Groups of students and other young people from Newbold College in England visited residents of Birdsgove Nursing Home, sang in Princess Square in the nearby town of Bracknell, and helped with community gardens at Jealotts Hill Community Landshare. One group traveled to Newmarket-on-Fergus in County Cork, Ireland, to help with a new congregation getting started there, according to a news bulletin from the denomination’s British Union Conference.
“As Christ shed his blood to save us, so are we called on this day of service to also donate blood to save a life,” Pastor Alfred Asiem, youth director of the denomination’s South Ghana Union Conference, was quoted by the Ghana News Association in media across the country. Adventist youth marched on several main streets in Accra, the capital of Ghana, and organized a blood drive at Borstal Institute, the news service reported. In Ghana the World Youth Day projects also launched a Youth Week of Prayer extending this week to Easter.

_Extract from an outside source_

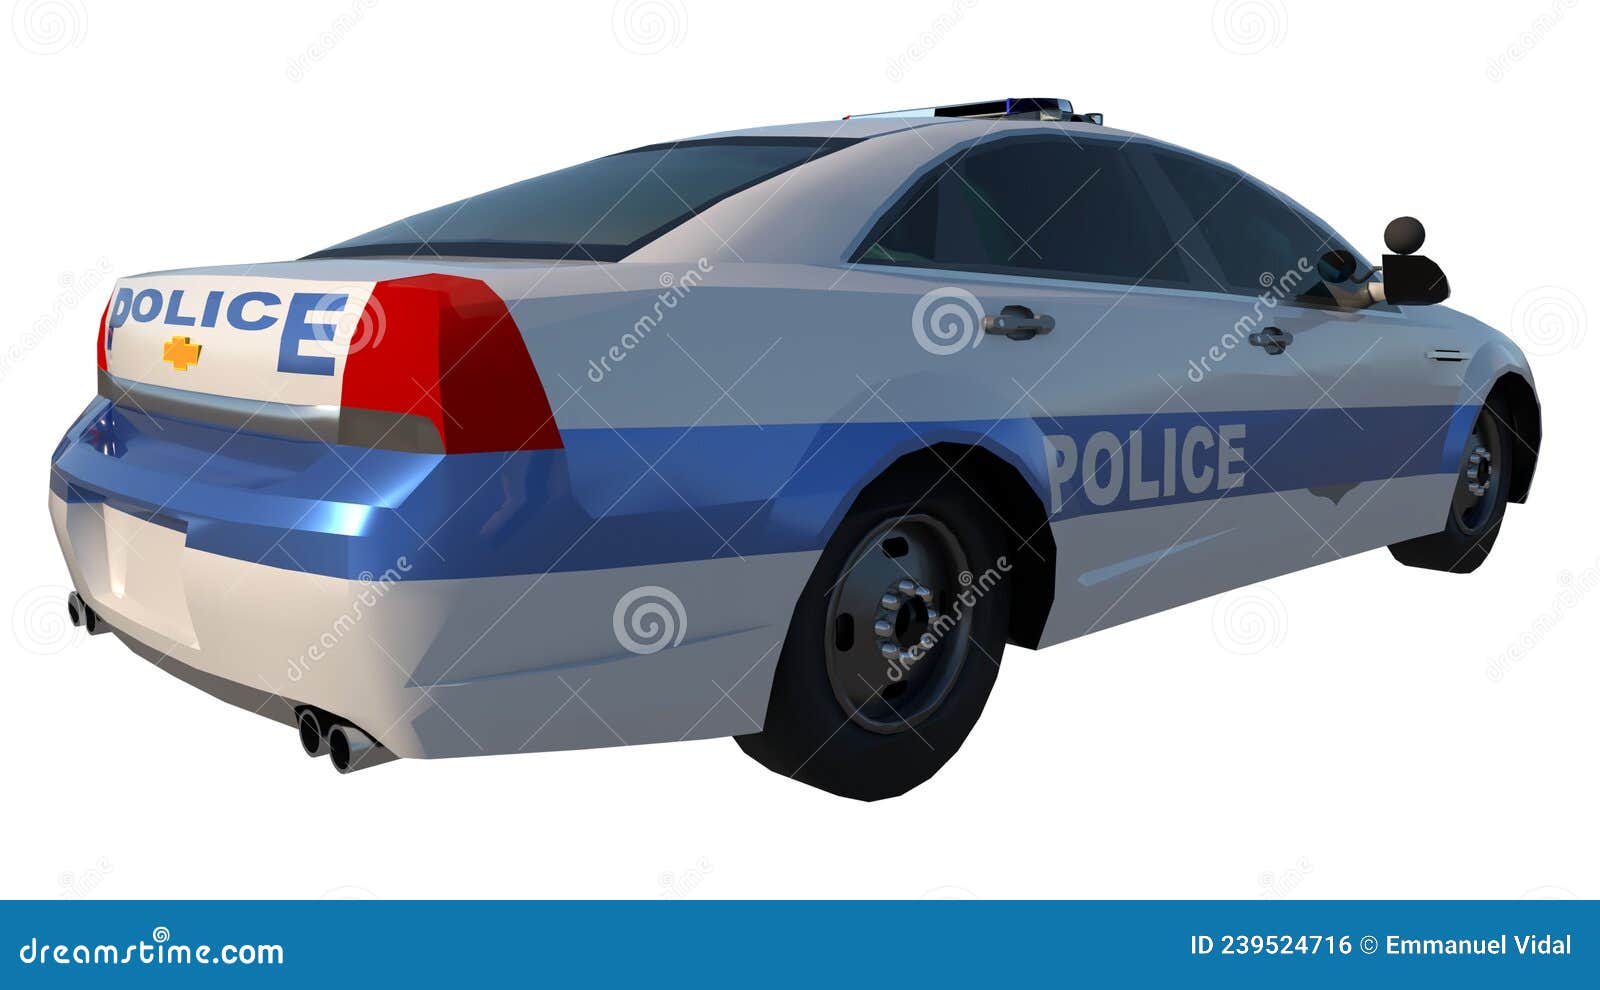 police patrol 1-perspective b view white background 3d rendering ilustracion 3d

Some 300 Adventist young people in Belgium participated in 60 projects just two days before the tragic, senseless killings by terrorists in Brussels, the nation’s capital city and headquarters for the European Union of countries (EU) as well as the North Atlantic Treaty Organization (NATO). In Denmark, youth from the Aalborg Adventist Church made waffles for and played with the children at a refugee center. In Finland, a group of Adventist youth dressed as beggars on the street, “but instead of asking for money, they offered one Euro to each passerby who was willing to share their story,” reported a news bulletin from the denomination’s Trans-European Division (TED).

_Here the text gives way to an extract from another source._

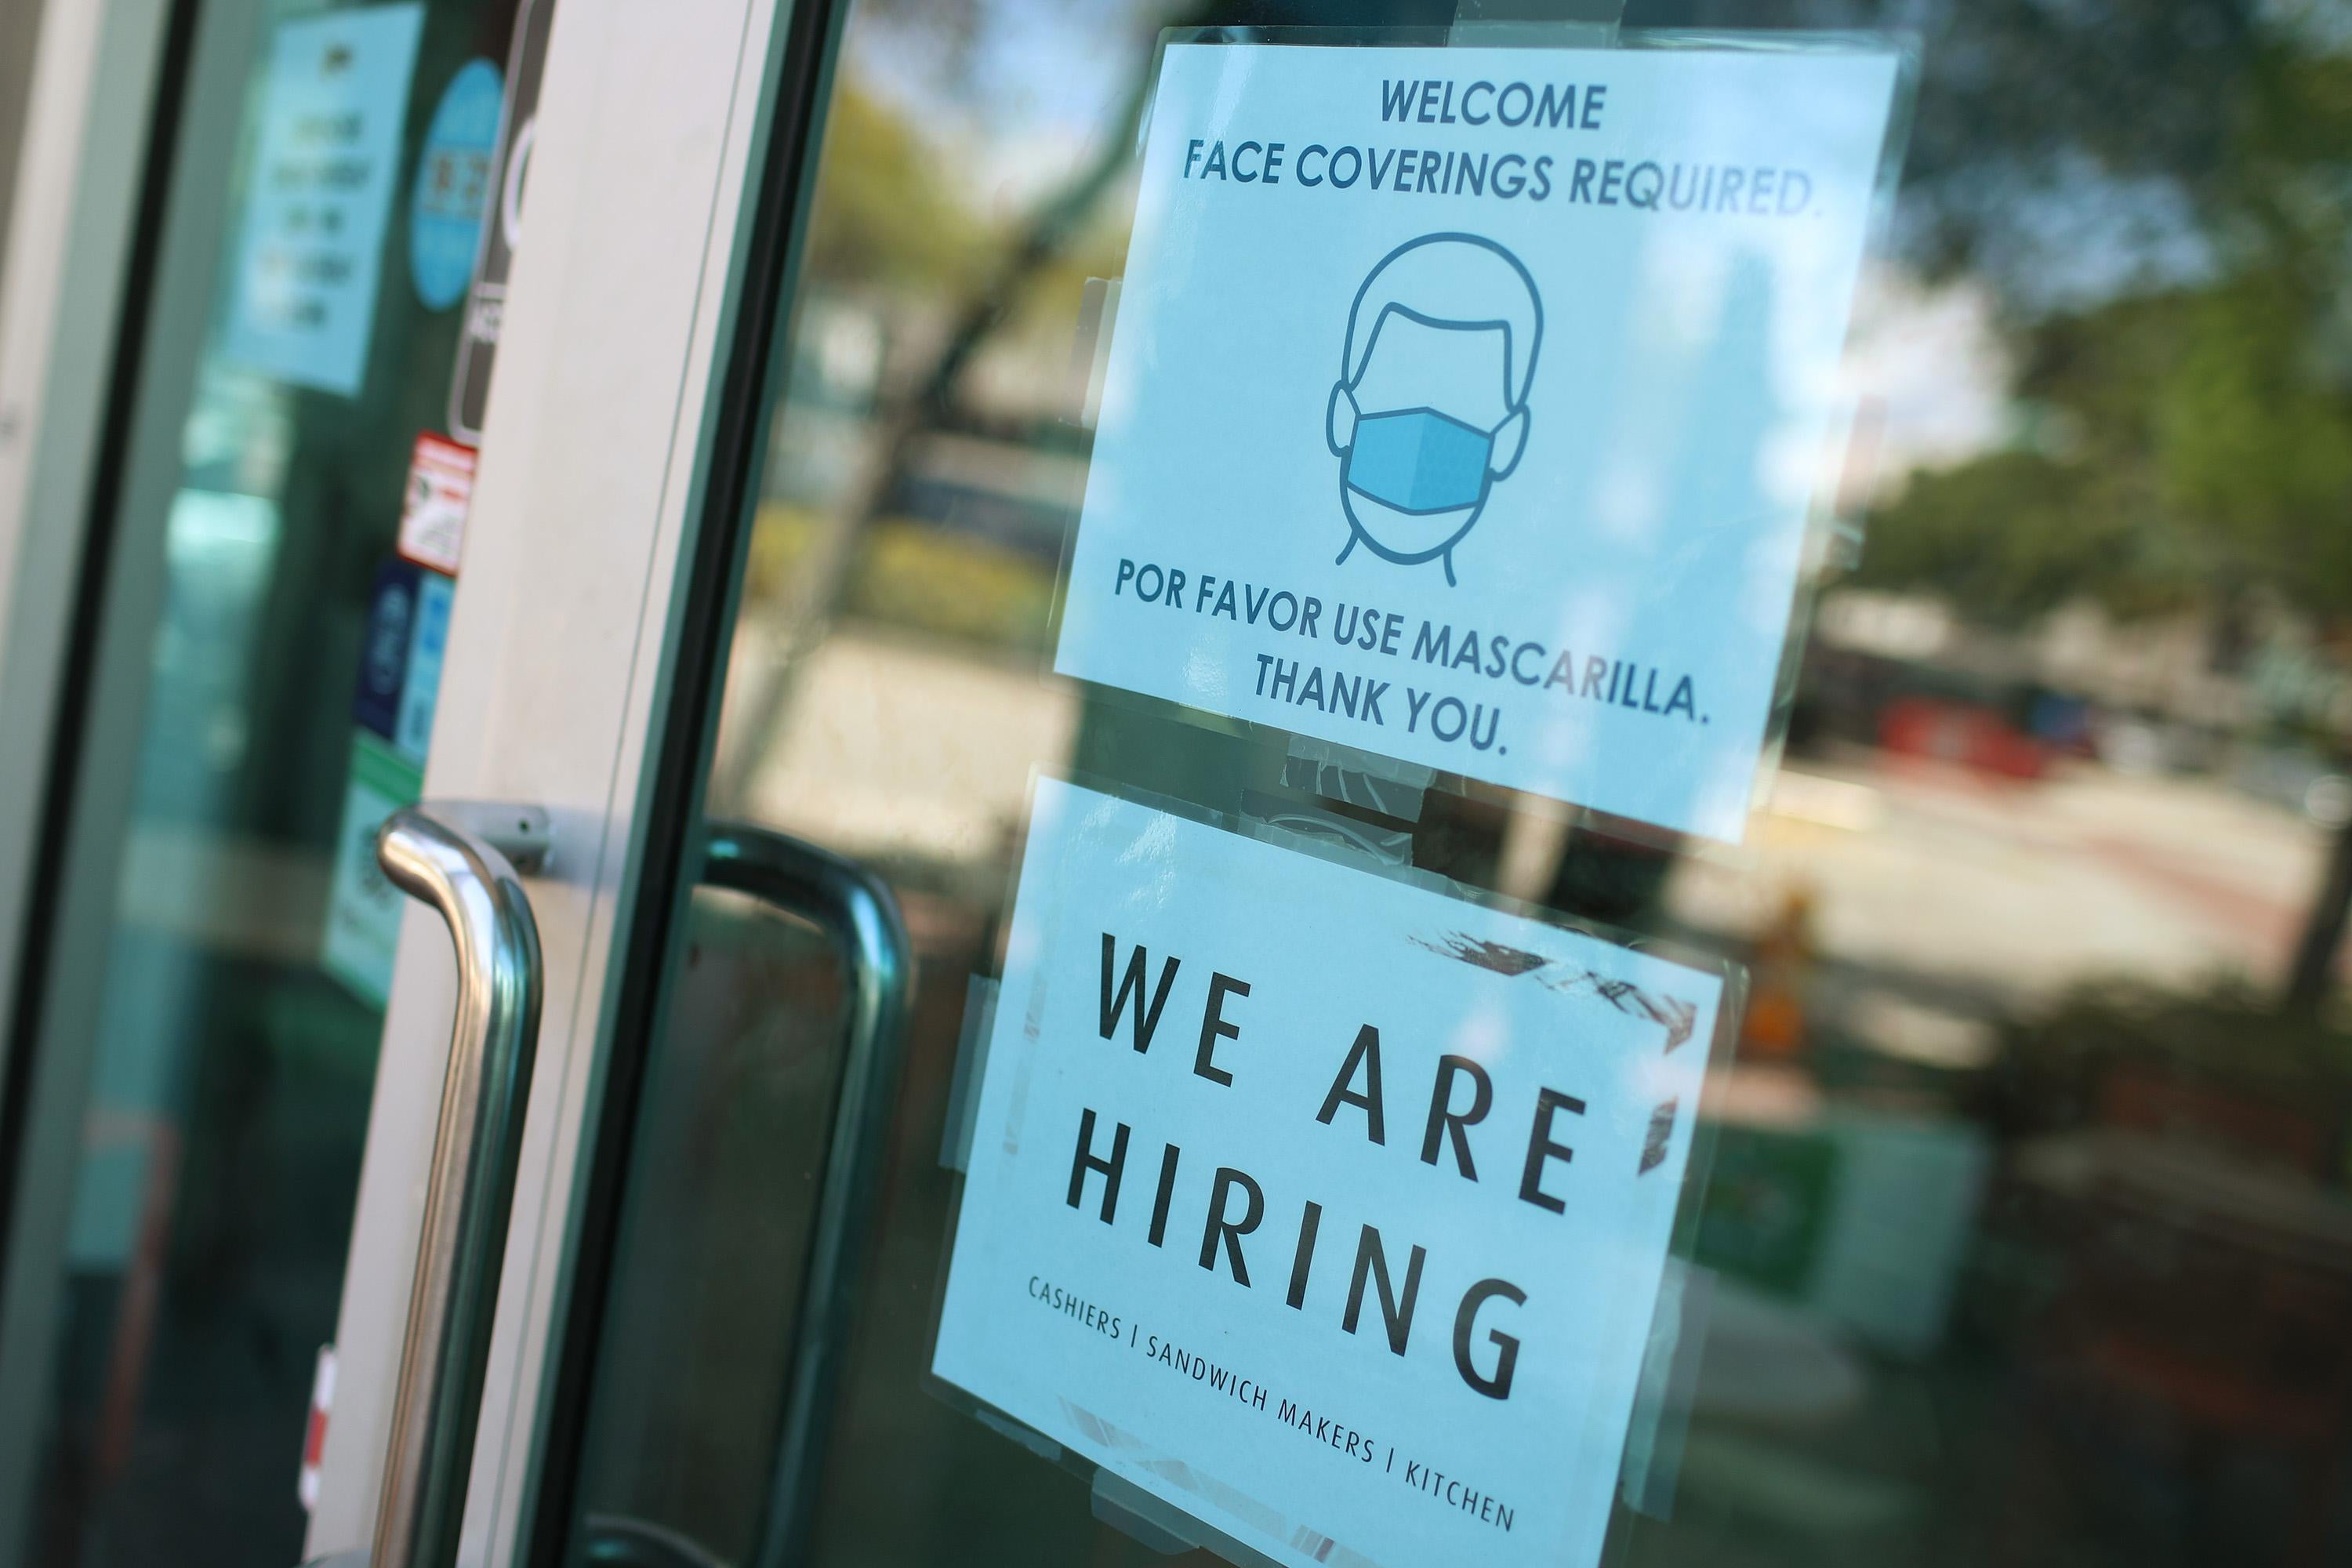 MIAMI, FLORIDA - MARCH 05: A 'we are hiring' sign in front of a store on March 05, 2021 in Miami, Florida. The restaurant is looking to hire more workers as the U.S. unemployment rate drops to 6.2 percent, as many restaurants and bars reopen. Officials credit the job growth to declining new COVID-19 cases and broadening vaccine immunization that has helped more businesses reopen with greater capacity. (Photo by Joe Raedle/Getty Images)

Pastor Sam Gungaloo teamed up with Keryhs Sterling, a young adult from Aylesbury, a suburb west of London, to provide live coverage of Global Youth Day on the Internet for 24 hours. For Sterling’s final report on Facebook she wrote; “Another fantastic Global Youth Day is complete, and what an incredible and inspiring experience it was! Spent with the greatest of people! Continue to go out there and make a difference in your communities. [It] isn’t just a day, it’s a lifestyle!”